*Dataset*:

..............................

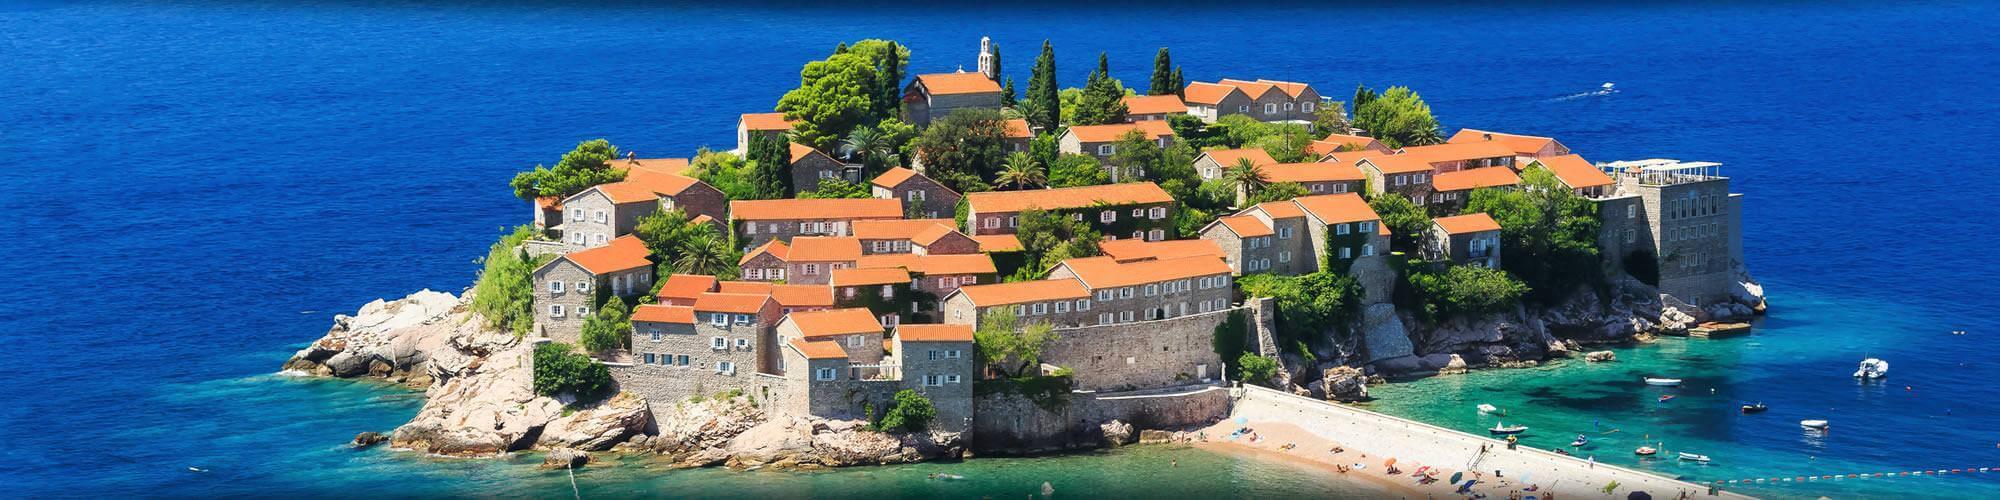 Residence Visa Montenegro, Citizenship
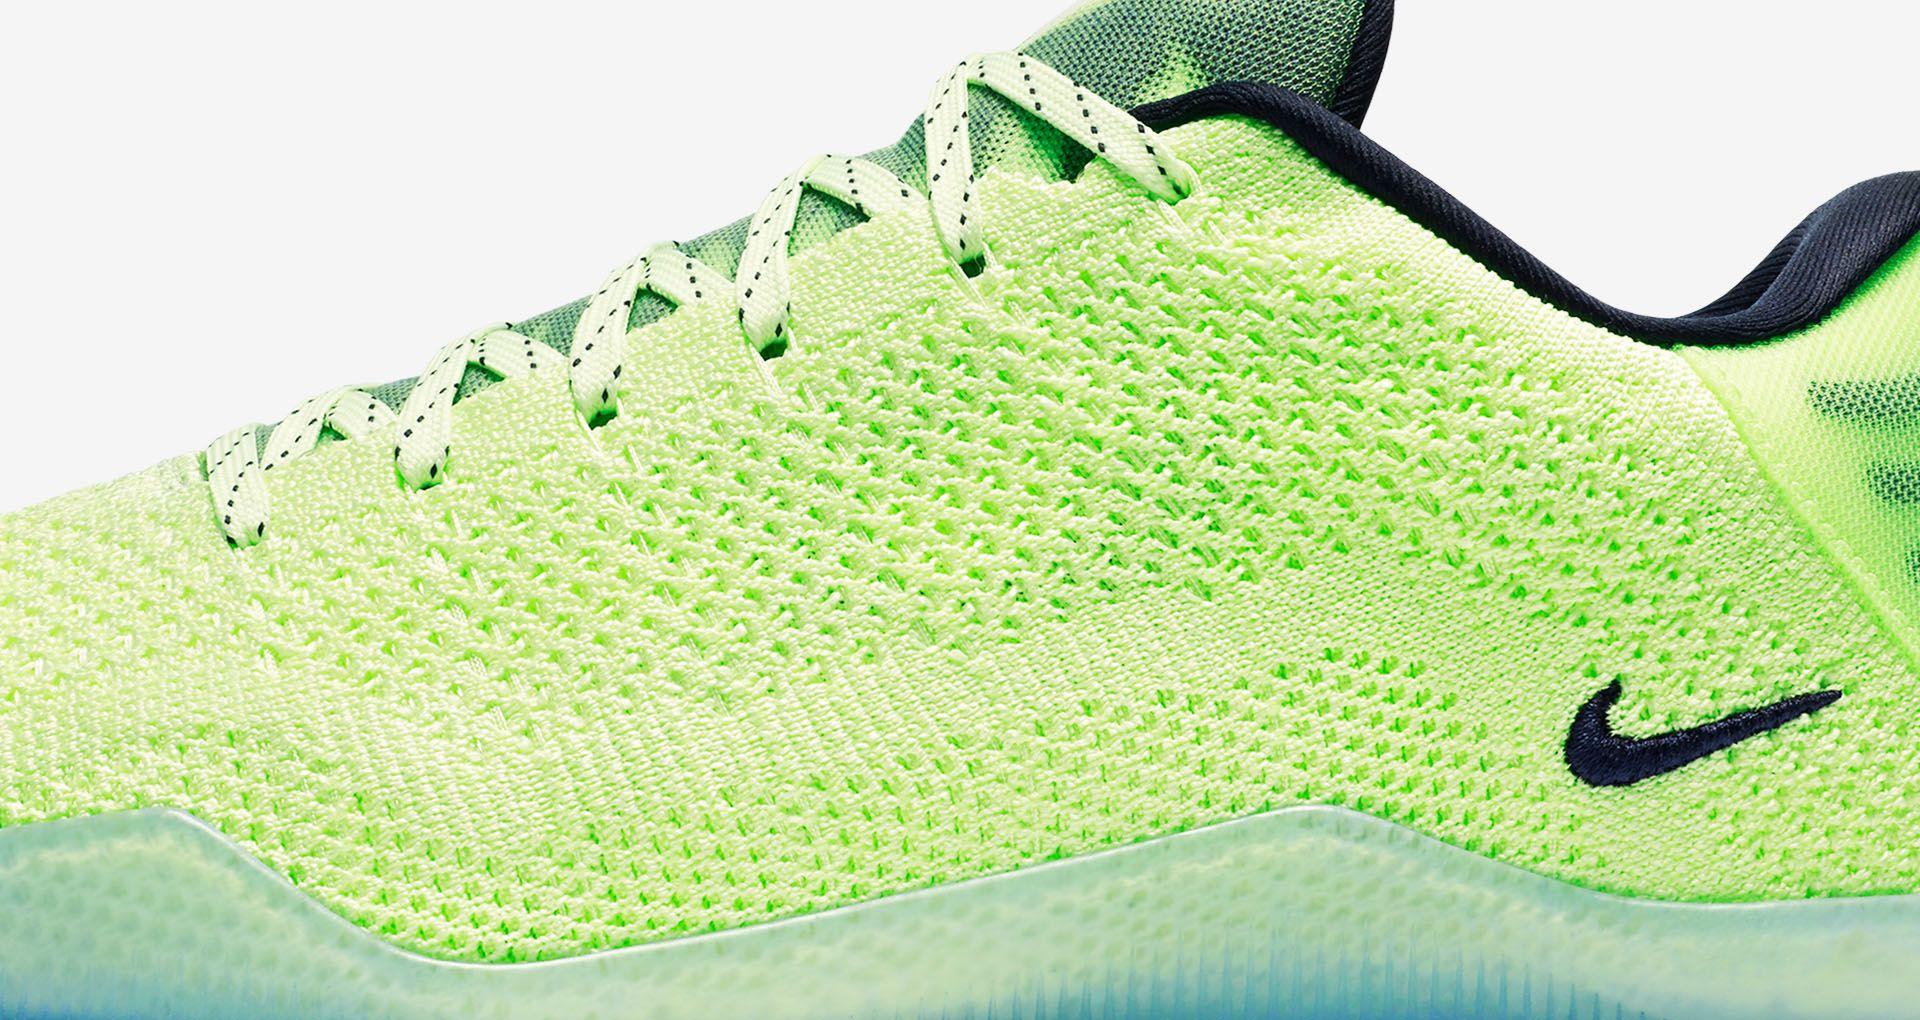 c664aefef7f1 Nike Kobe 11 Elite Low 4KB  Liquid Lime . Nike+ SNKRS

..............................

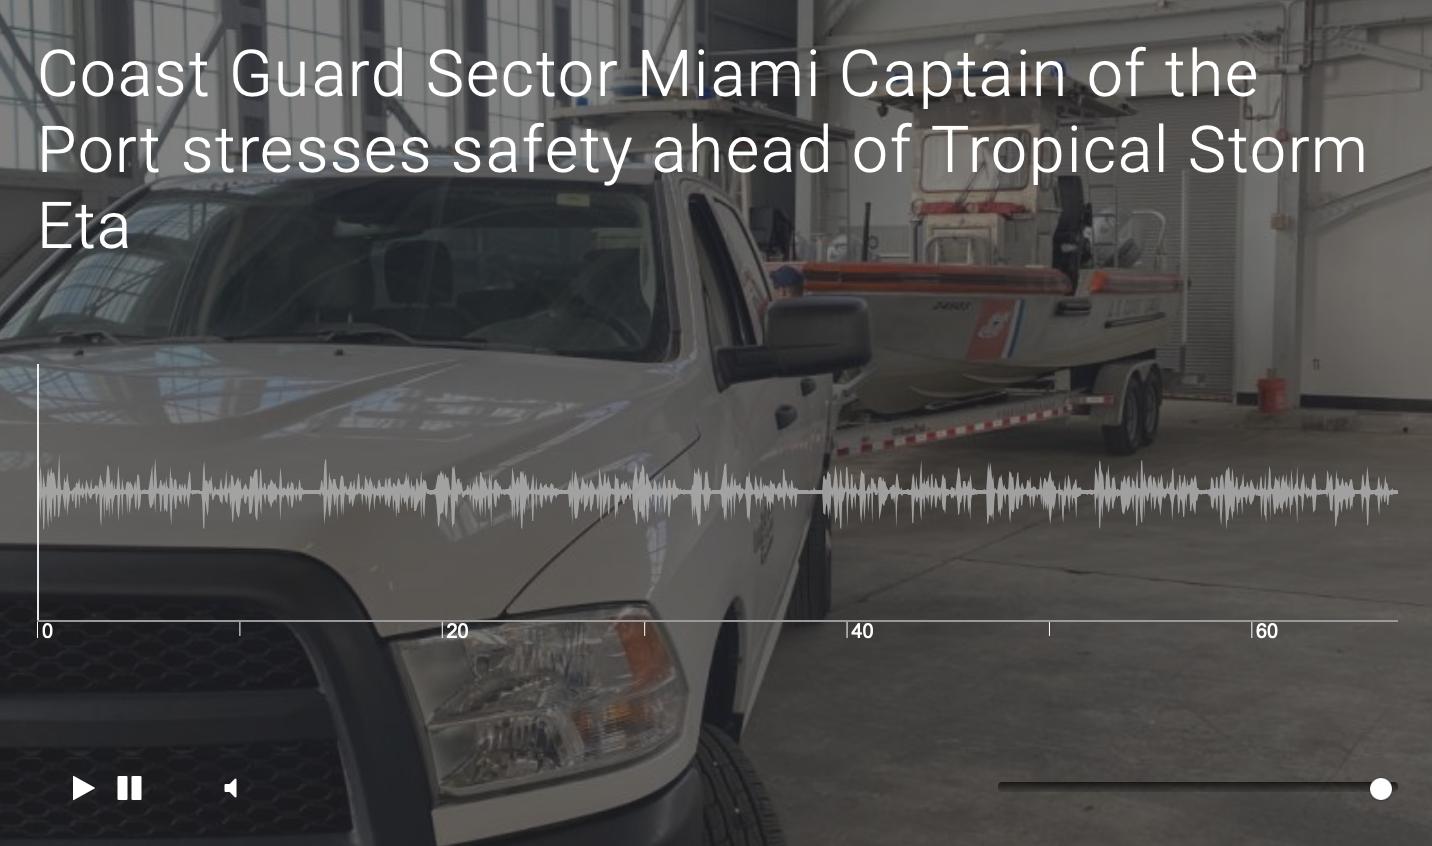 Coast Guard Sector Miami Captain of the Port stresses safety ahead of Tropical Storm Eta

..............................

*Exercise objective*: After locating "Residence Visa Montenegro, Citizenship" and "c664aefef7f1 Nike Kobe" in the records above, return exactly the line holding each one and every line between them; leave out the pictures.

*Reply*:
 Residence Visa Montenegro, Citizenship
 c664aefef7f1 Nike Kobe 11 Elite Low 4KB  Liquid Lime . Nike+ SNKRS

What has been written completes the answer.